COMMENT Until about three years ago I genuinely did not know what the word proptech meant, writes Nick Leslau, chairman of Prestbury Investments.
I had certainly never considered investing in it. I knew technology was dramatically impacting our daily lives, but when it came to the industry in which I have been immersed for more than 30 years, I considered proptech a potential threat.
I was pretty sure that property technology was for super smart young things with PhDs in some exotic maths-related area. I had visions of them working in co-working spaces in Shoreditch designing incomprehensible algorithms with the ultimate game plan of making me redundant.
I thought I was too old, too late to the game and while I was happy to lease space to these guys, I dismissed much further involvement. I simply didn’t think I possessed the intellectual bandwidth to understand what they were doing.
During a meeting around that time I was embarrassed when I was questioned on why I hadn’t looked at investing in proptech. After all, I had – on many occasions – invested equity in businesses I didn’t really understand. I thought about it and reasoned with myself that being scared of investing in steam-related technology at the start of the Industrial Revolution would have rendered me a complete idiot. And so, on the assumption that I might be missing a similar opportunity, I decided to take a closer look.
Clever people
Recognising my serious limitations (barely scraping a maths GCSE), I sourced some very clever people in the proptech world, who specialise at investing in early-stage companies and through them I started learning about property-related technologies and meeting some very interesting people on the journey.
My traditional property skills gave me an appreciation of what some of the proptech businesses were trying to achieve without me having to understand the technology behind them. Others would have to assess that for me.

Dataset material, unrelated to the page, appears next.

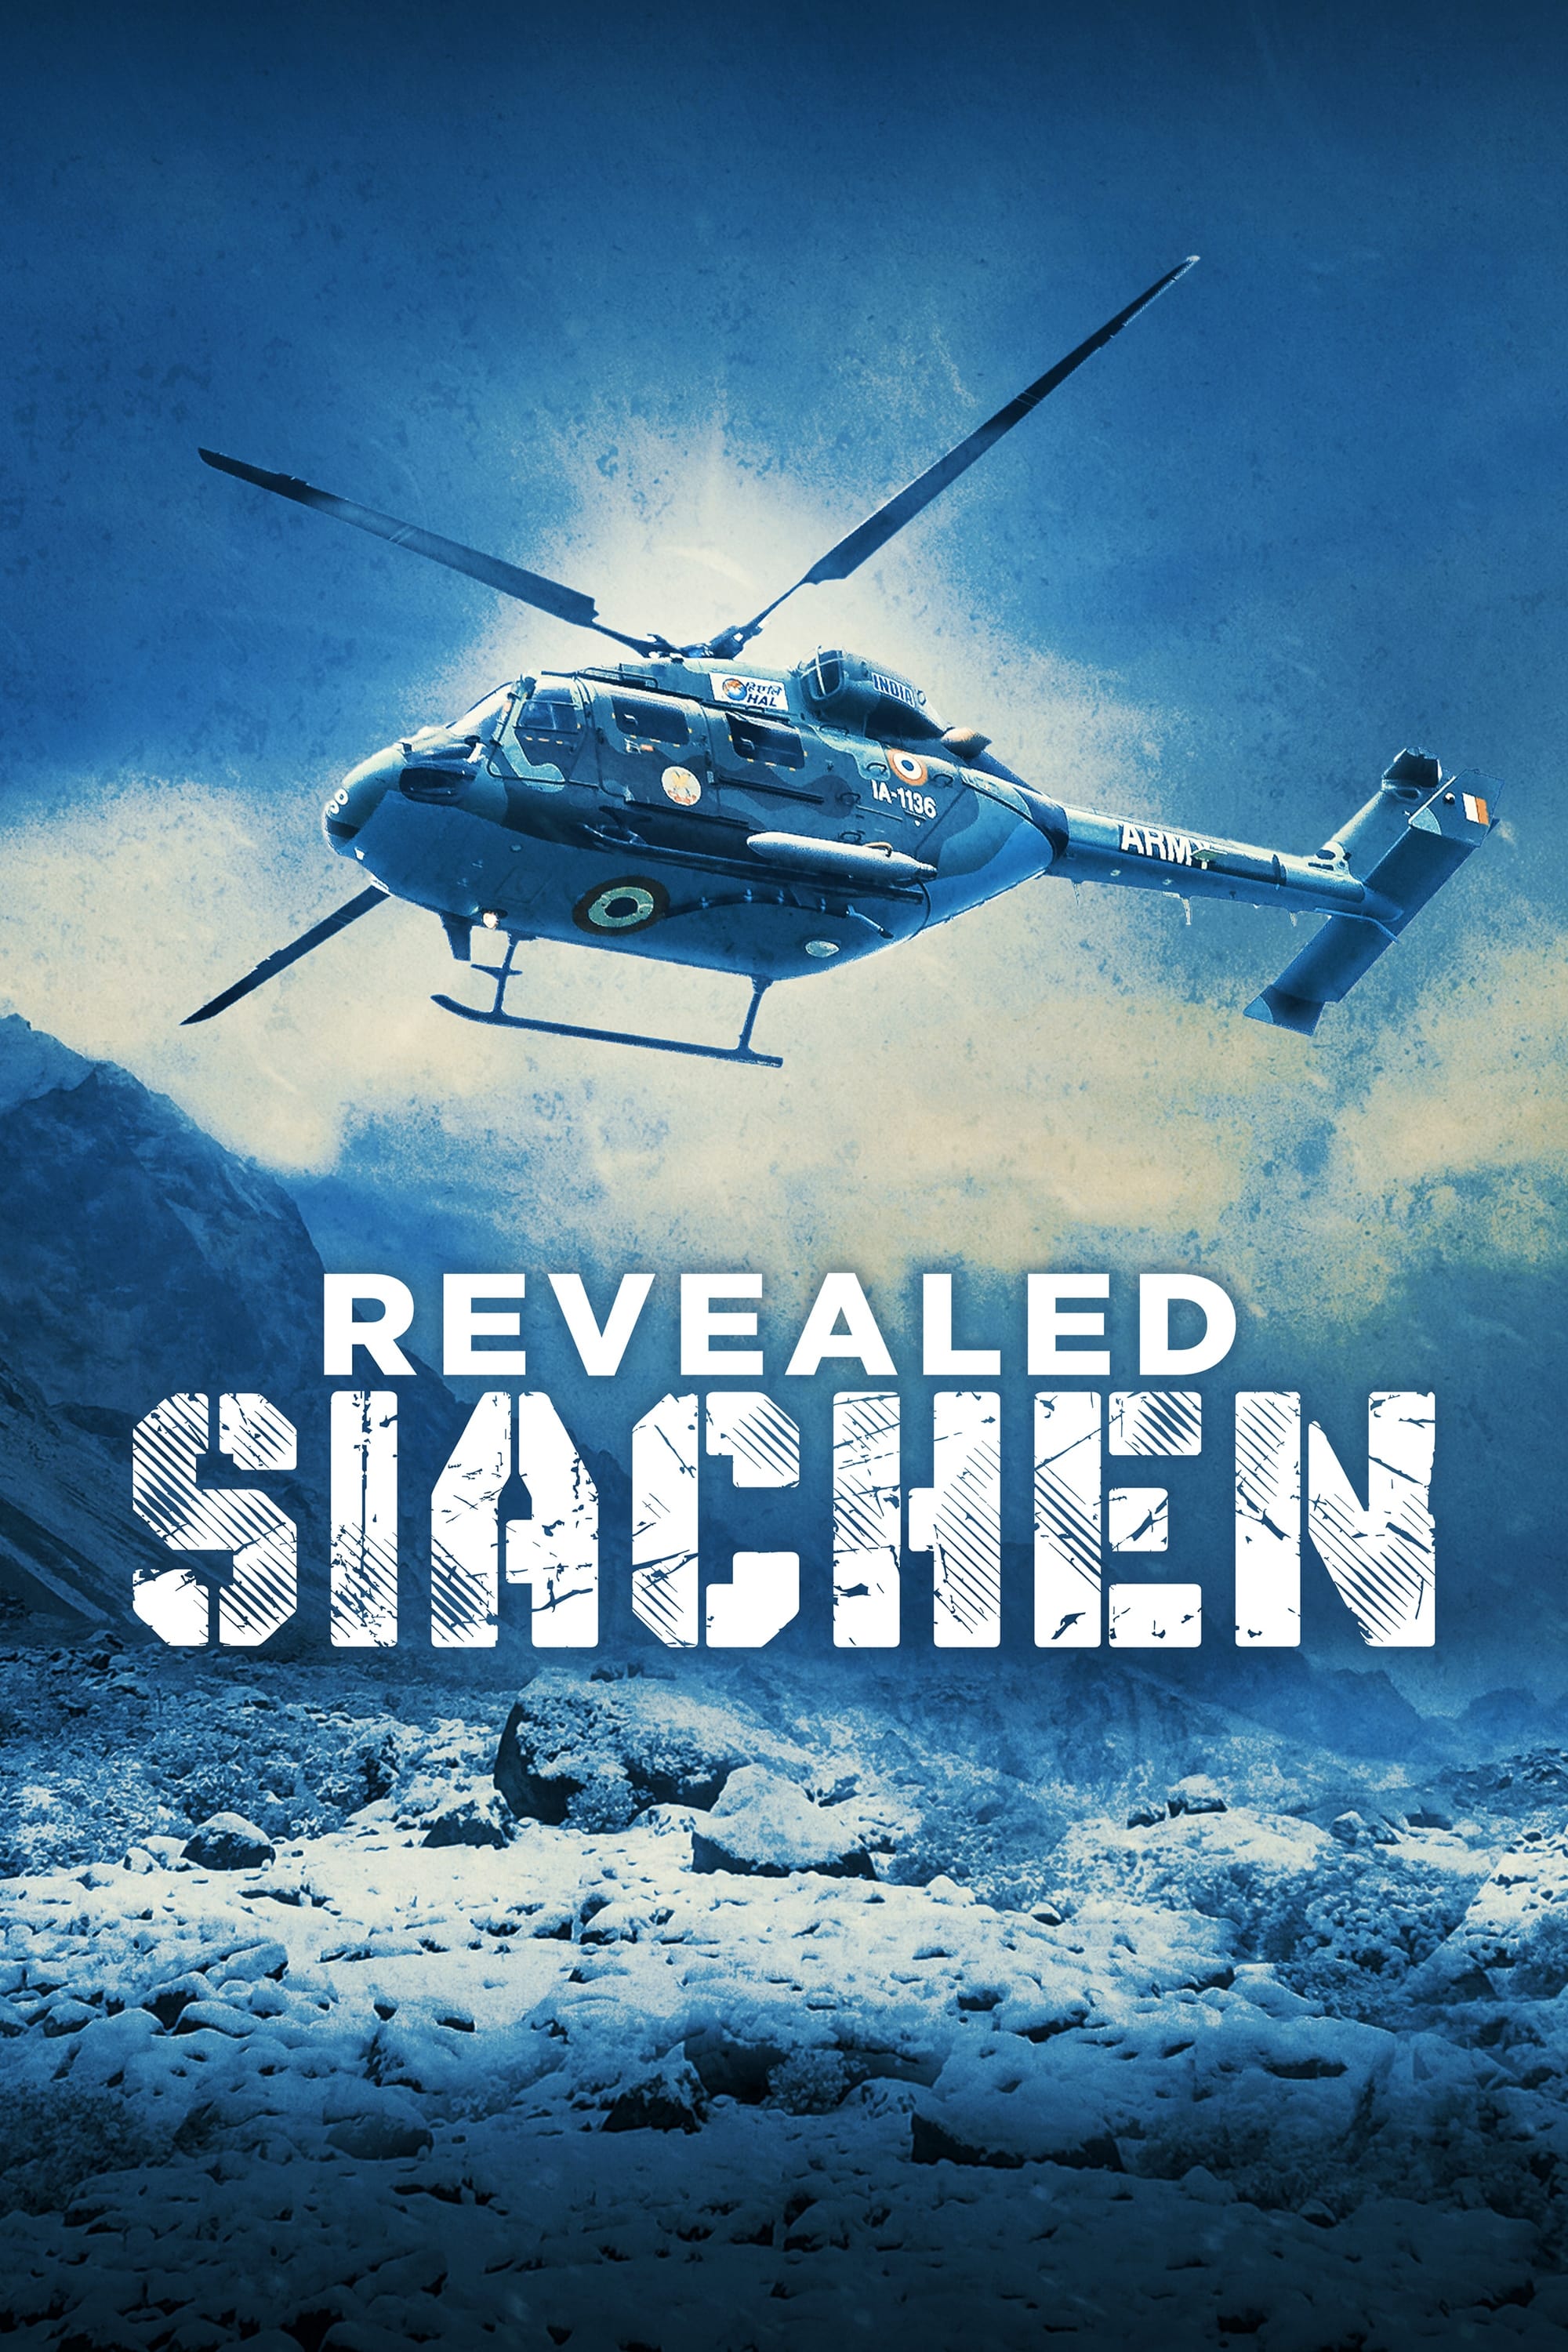 Revealed Siachen
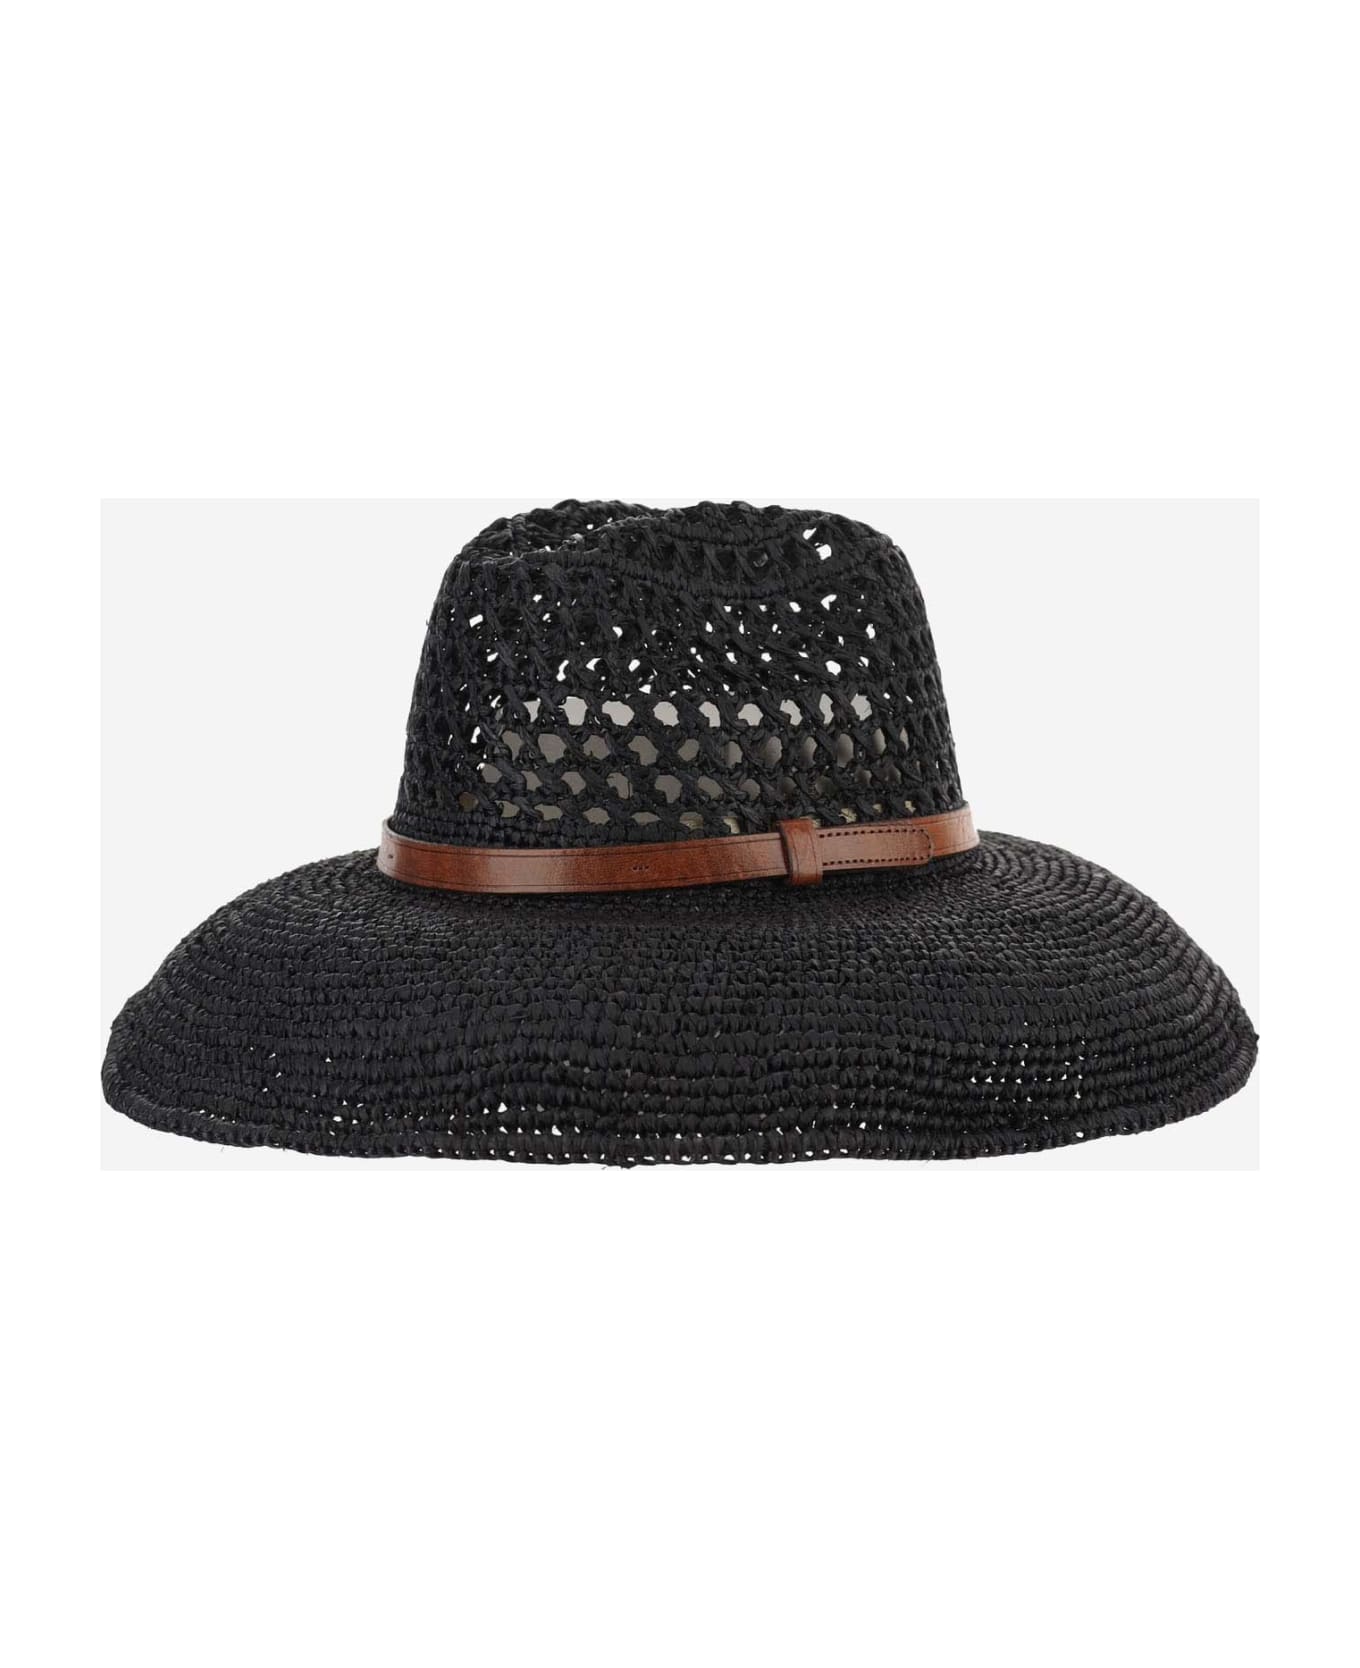 Ibeliv Raffia Hat With Leather Strap - Black

I was absorbing so much information it was fantastic. Until it wasn’t. I began to realise that there were increasing numbers of companies doing vaguely the same thing with zero knowledge of their competition; that many companies were creating products for which the management thought there would be demand but had never tested it and in some of those cases had tested it but never asked what a user might pay for the technology.
Bizarre valuations
Many techies are appalling salesmen and many salesmen cannot explain the technology. But the thing I found more bizarre than anything was the valuation companies were adopting for the purpose of fundraising.
I come from the traditional world of YP, PE or EBITDA multiples in arriving at value whereas your typically early stage technology company’s management don’t. They will tell you that they need £600,000 of investment to start producing the product they are not sure they can sell and that they are only prepared to dilute their equity holding by a maximum of 20% to get that money thereby valuing the business at £3m.
It’s total insanity to value a business with an idea and no product and usually very little track record on that basis and yet that’s how it worked in so many instances.
I met some terrific and highly intelligent people along the road and tried very hard indeed to make sense of forecast revenues and earnings but I felt trapped in some Goethe-like valuation nightmare.
In the end, I decided that there must be something there, but I just couldn’t figure out the good from the bad.
I decided that to deploy some capital, I need to back people who look they do know what they are doing and so I invested in a Pi-Labs fund.
I hide behind their vastly superior knowledge but I do get to discuss the sorts of companies in which they are investing so I learn a lot but without the stress or fear of investing directly.
Proptech is simply any technology which falls under the massive real estate umbrella.
This is not to be feared but embraced as, of course, it’s the future, albeit for an old fart like me the valuation model needs some serious rethinking.